# What is being asked
Images are not part of the copy; write out the rest of the data exactly as given.
*** Data shown ***
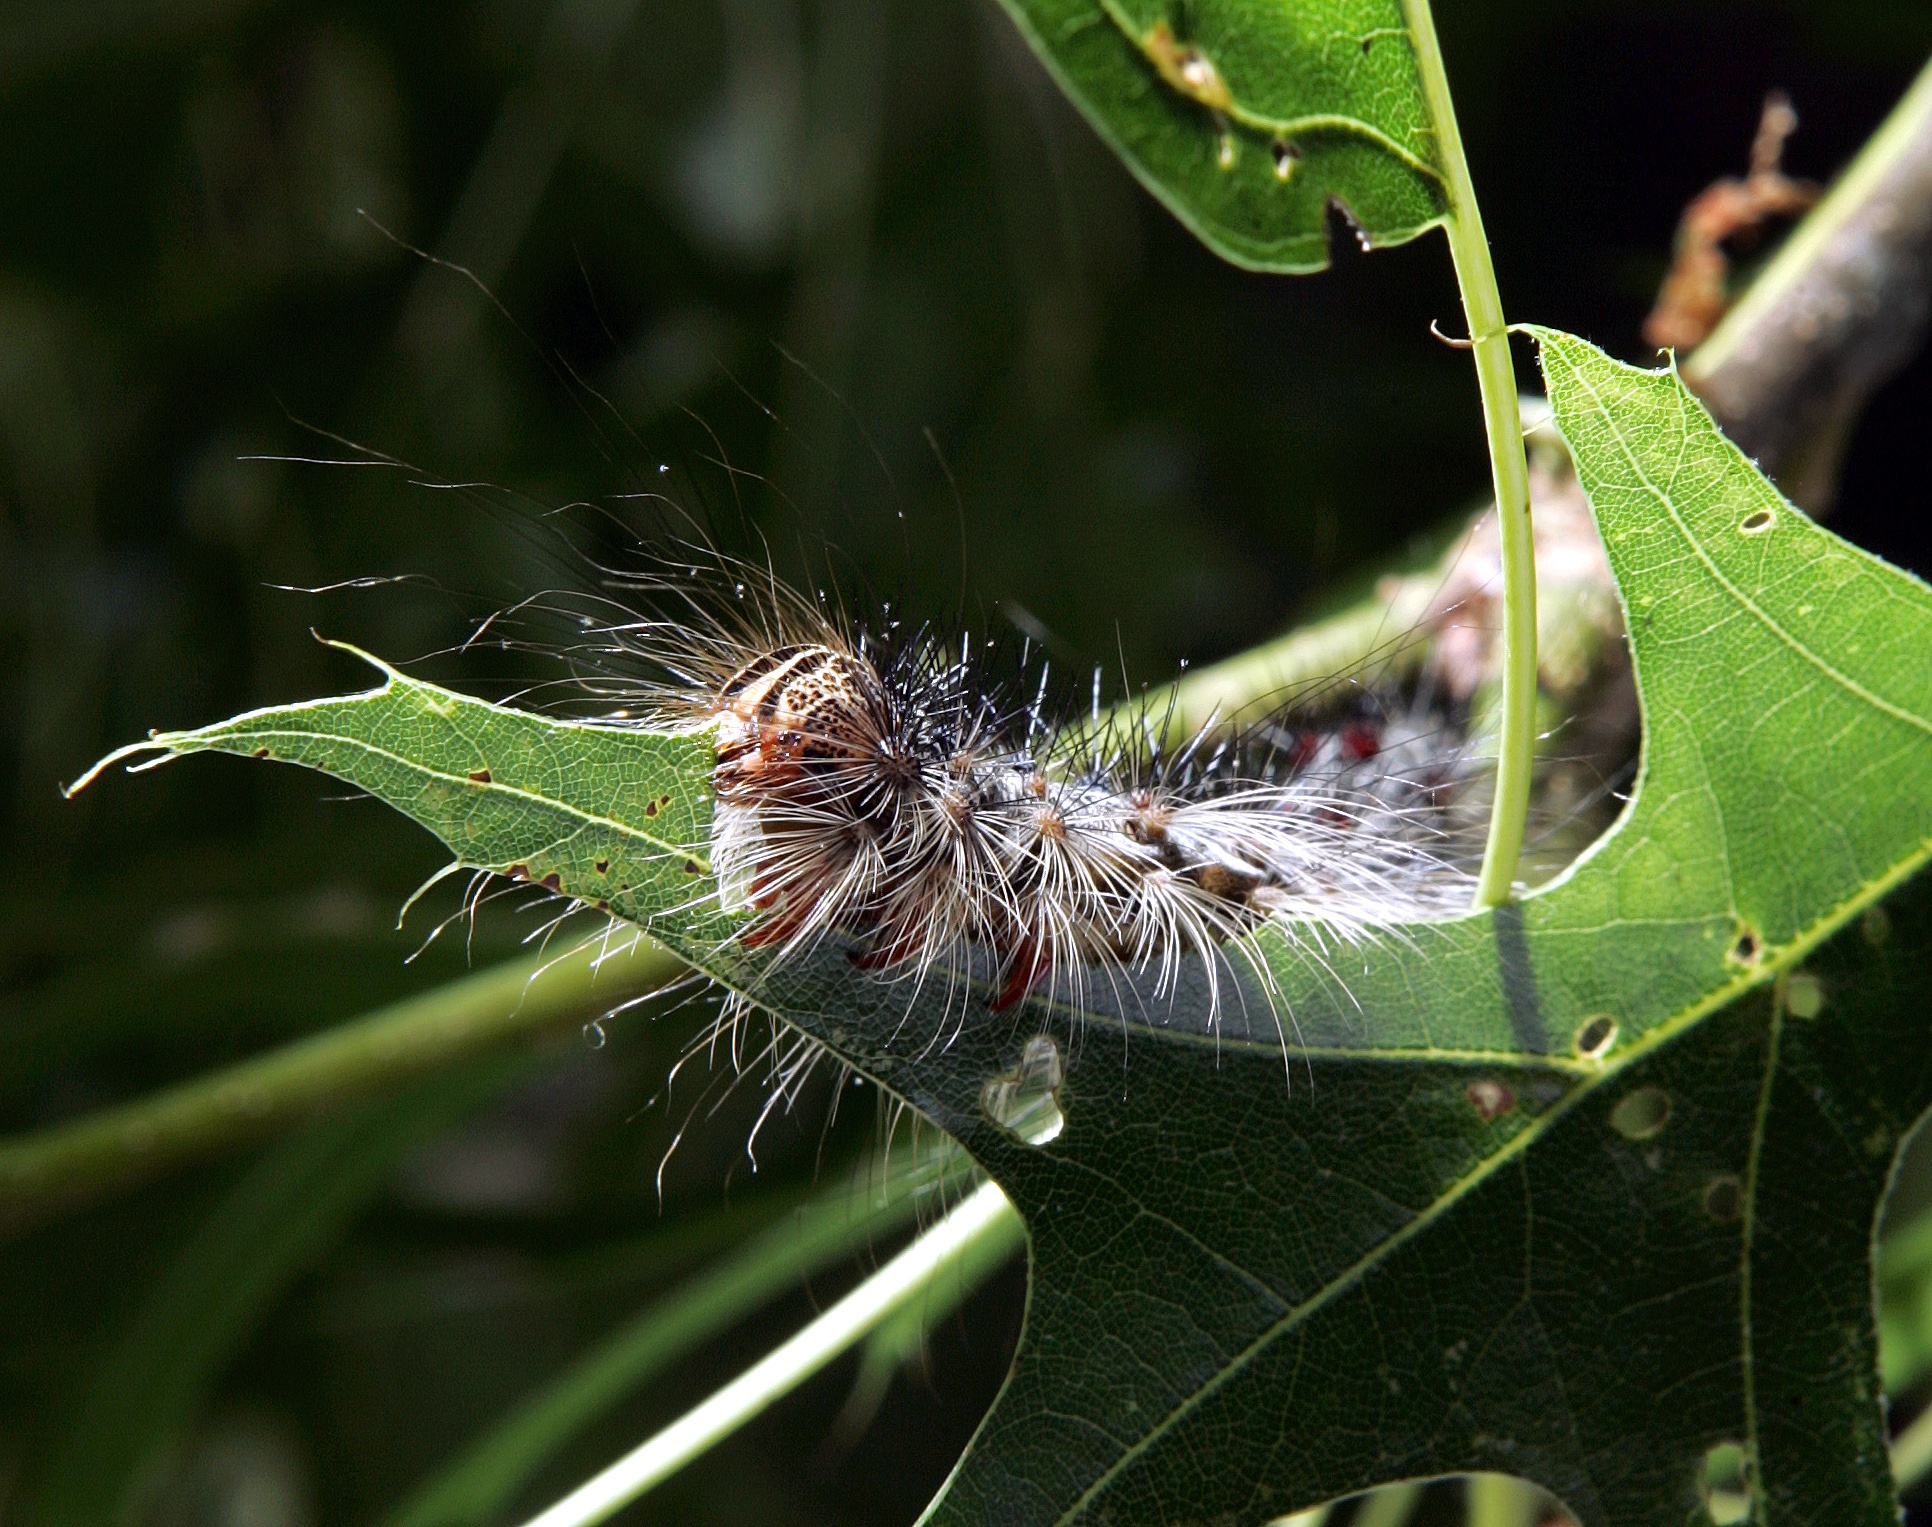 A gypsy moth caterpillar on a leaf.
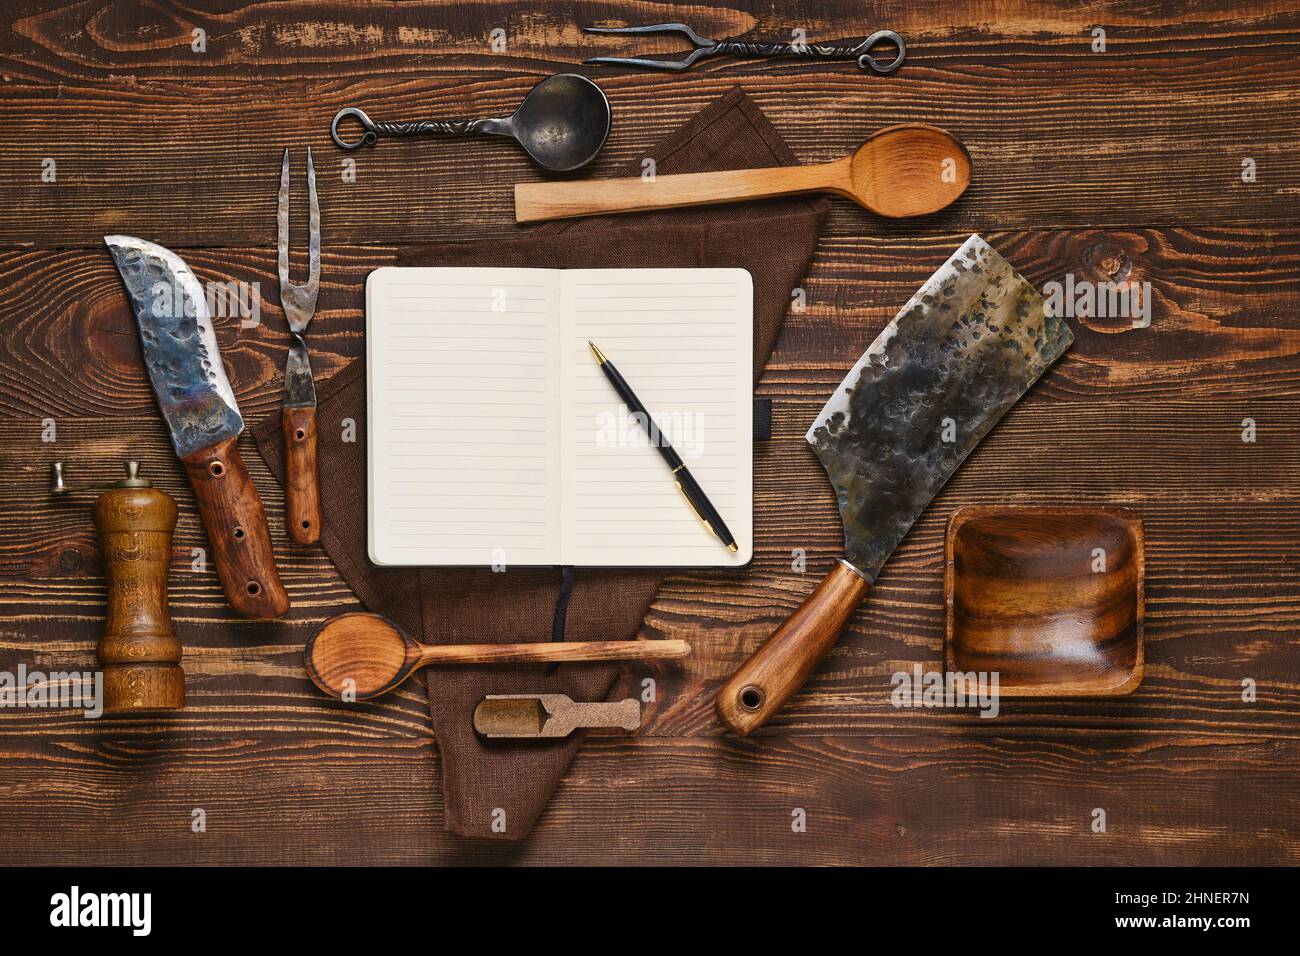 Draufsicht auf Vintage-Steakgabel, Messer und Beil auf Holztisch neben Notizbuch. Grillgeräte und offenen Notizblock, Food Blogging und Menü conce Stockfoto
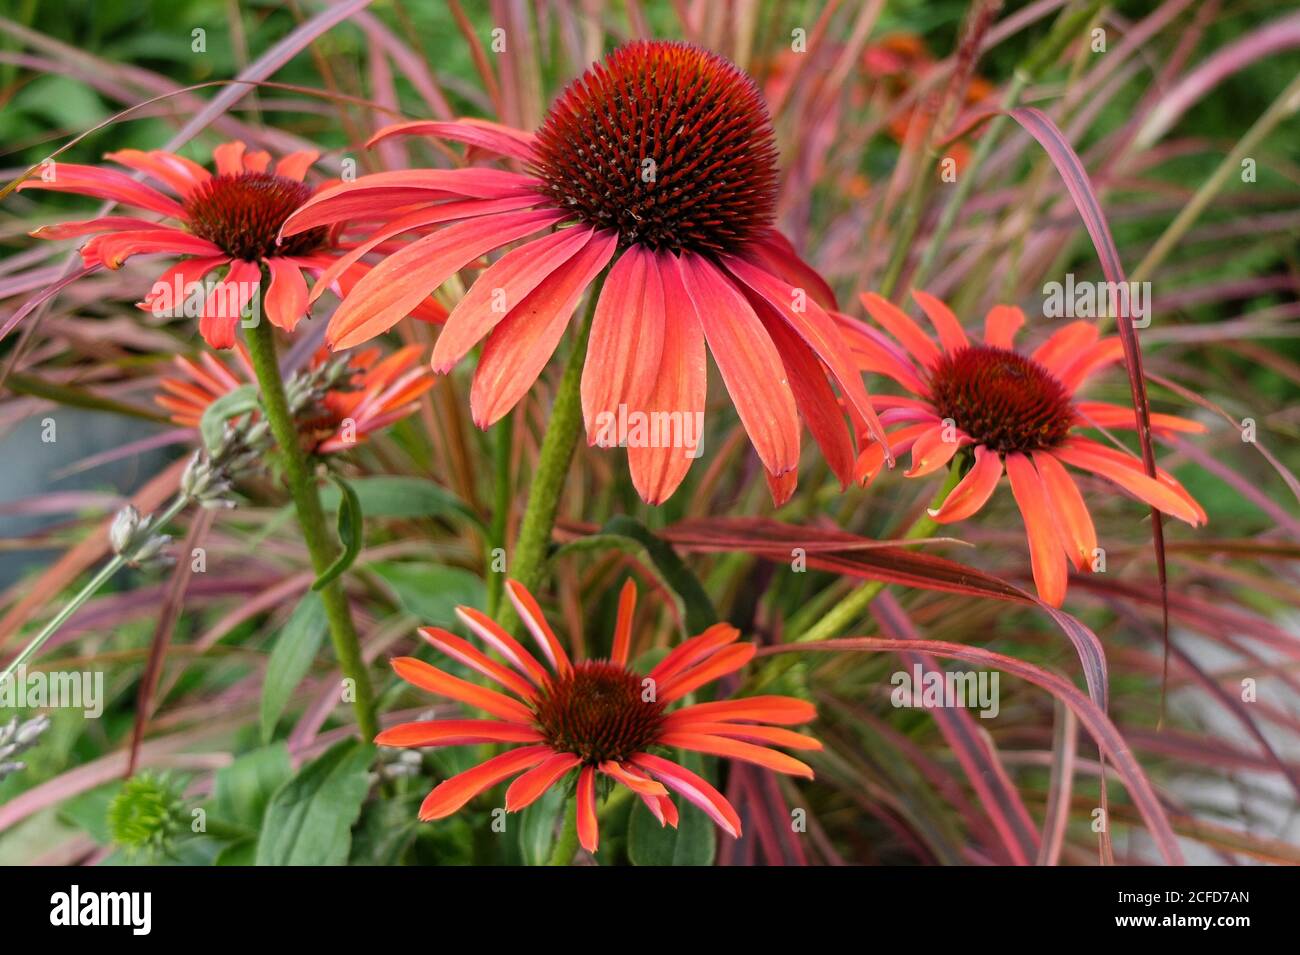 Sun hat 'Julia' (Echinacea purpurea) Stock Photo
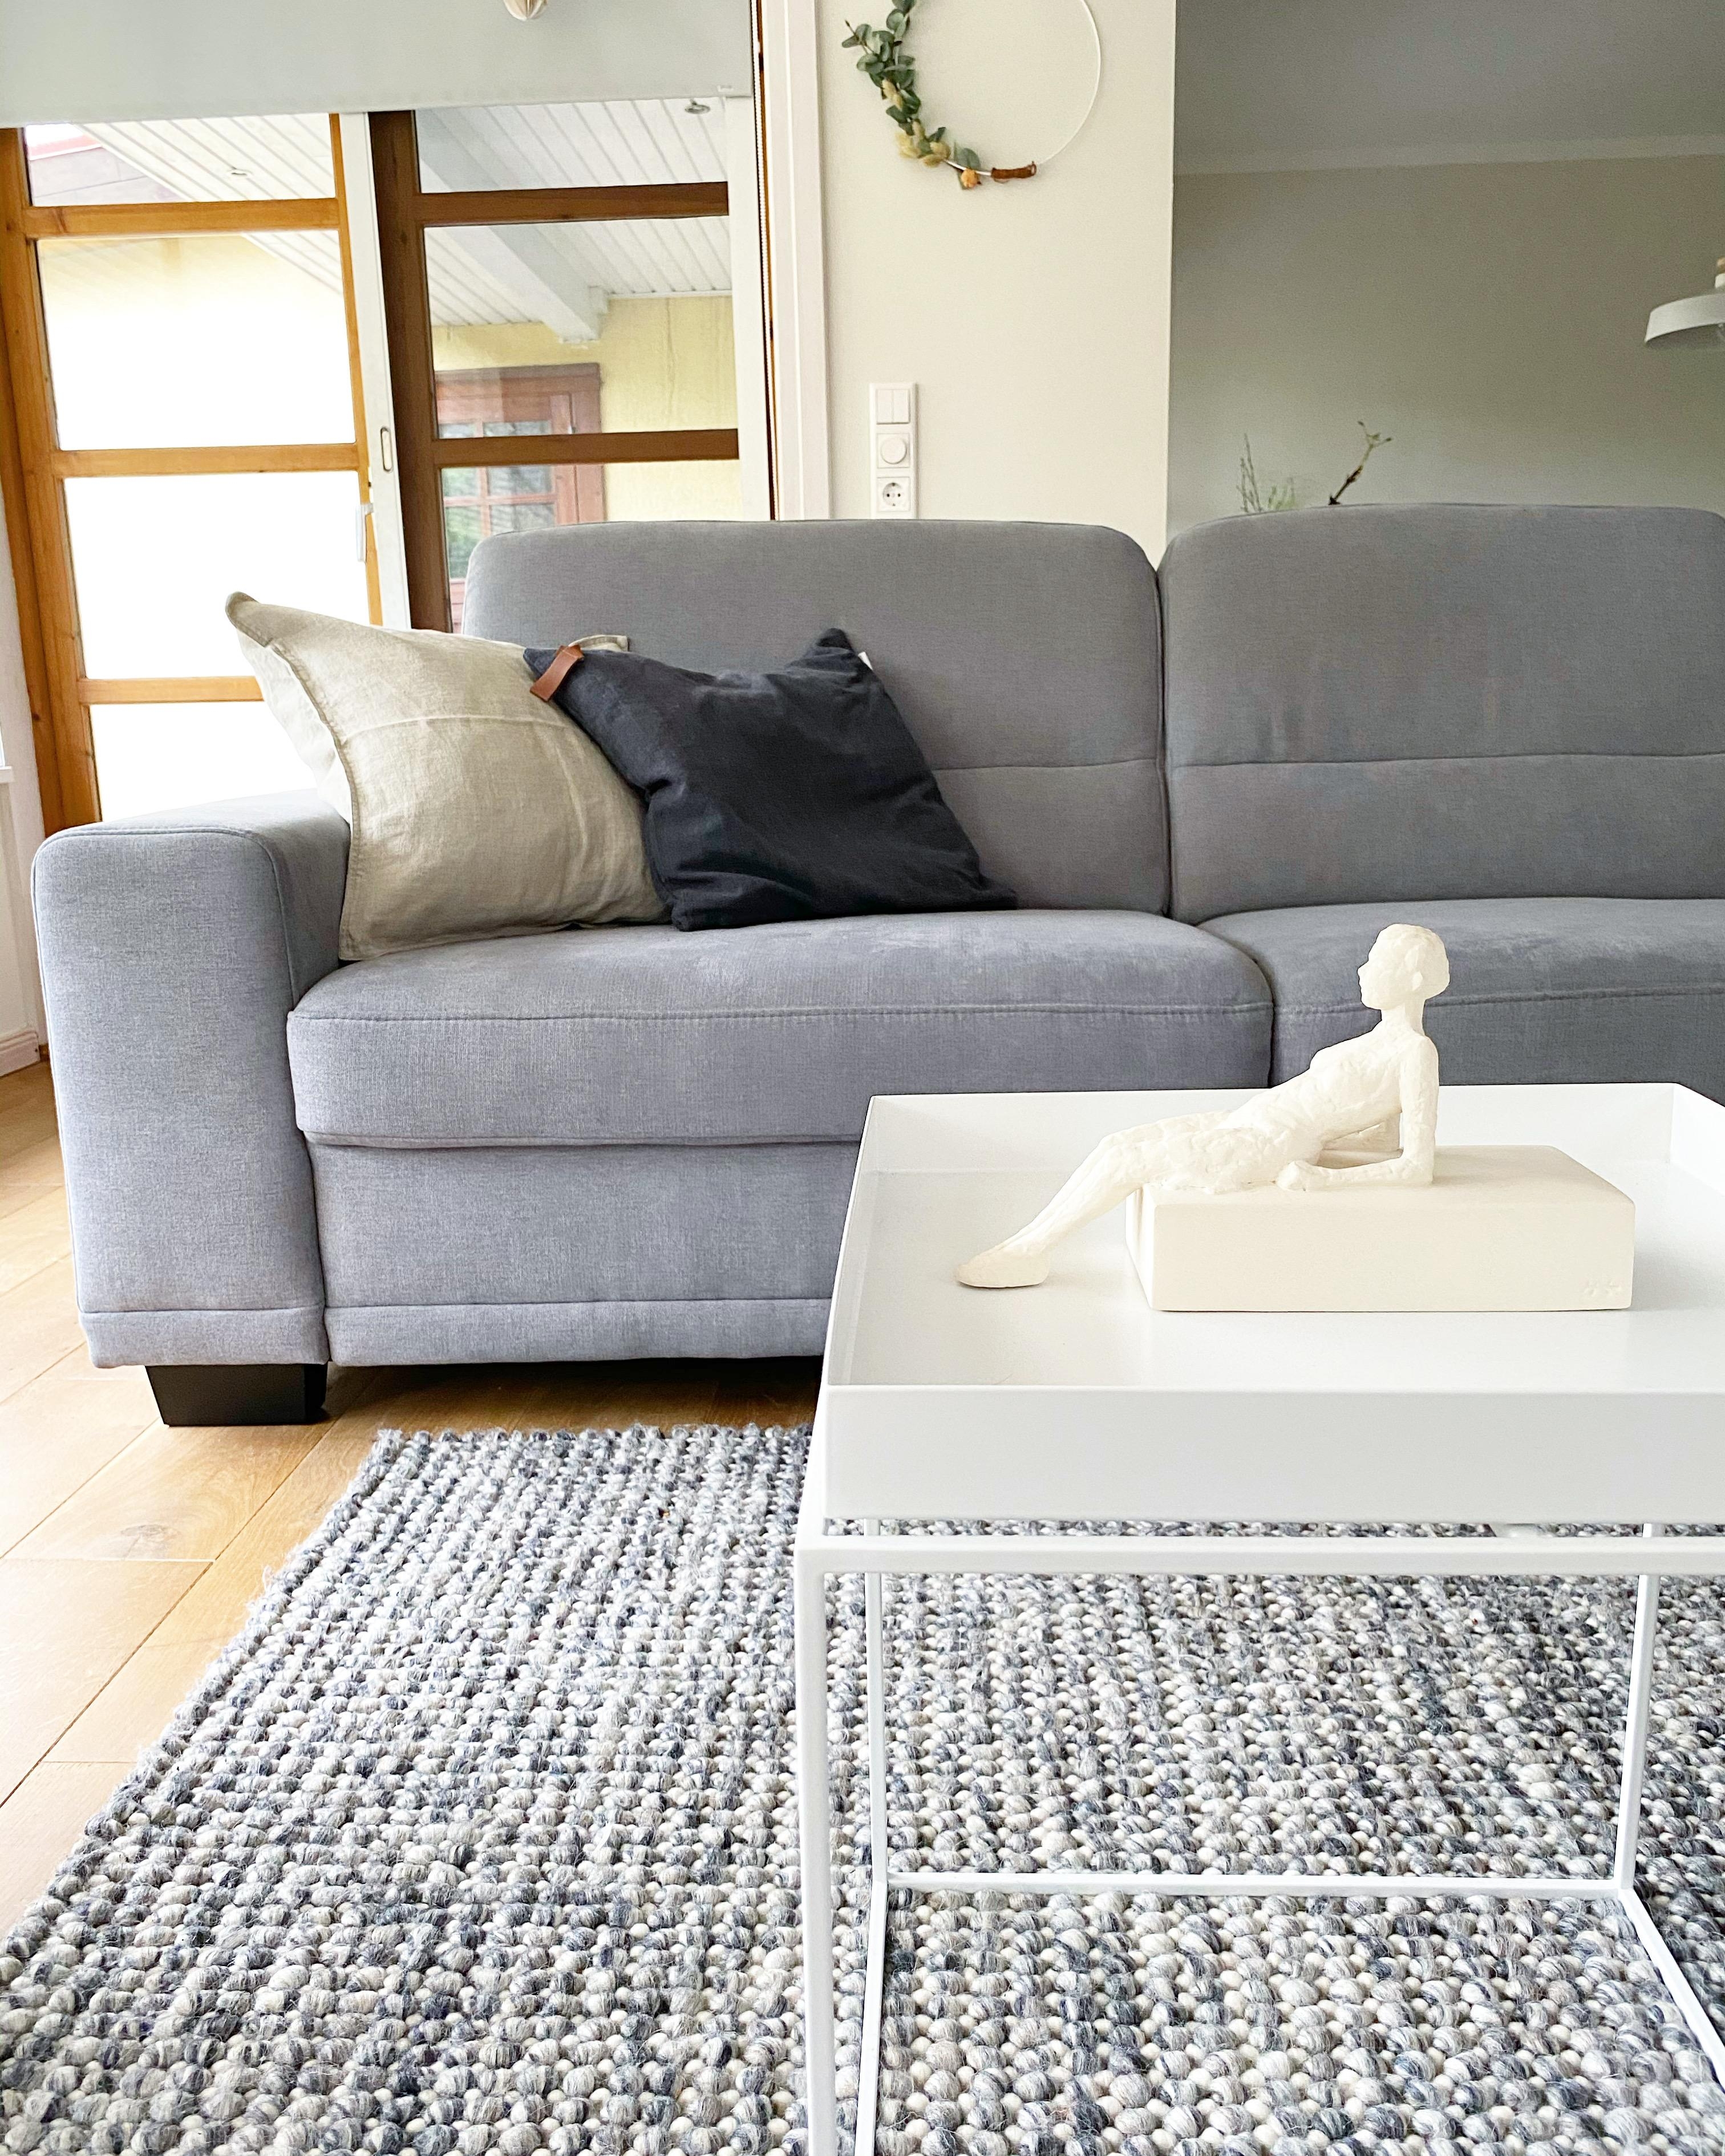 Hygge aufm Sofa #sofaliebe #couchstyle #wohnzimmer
*** End of Data shown ***
# Solution for this problem
 A gypsy moth caterpillar on a leaf.
 Draufsicht auf Vintage-Steakgabel, Messer und Beil auf Holztisch neben Notizbuch. Grillgeräte und offenen Notizblock, Food Blogging und Menü conce Stockfoto
 Sun hat 'Julia' (Echinacea purpurea) Stock Photo
 Hygge aufm Sofa #sofaliebe #couchstyle #wohnzimmer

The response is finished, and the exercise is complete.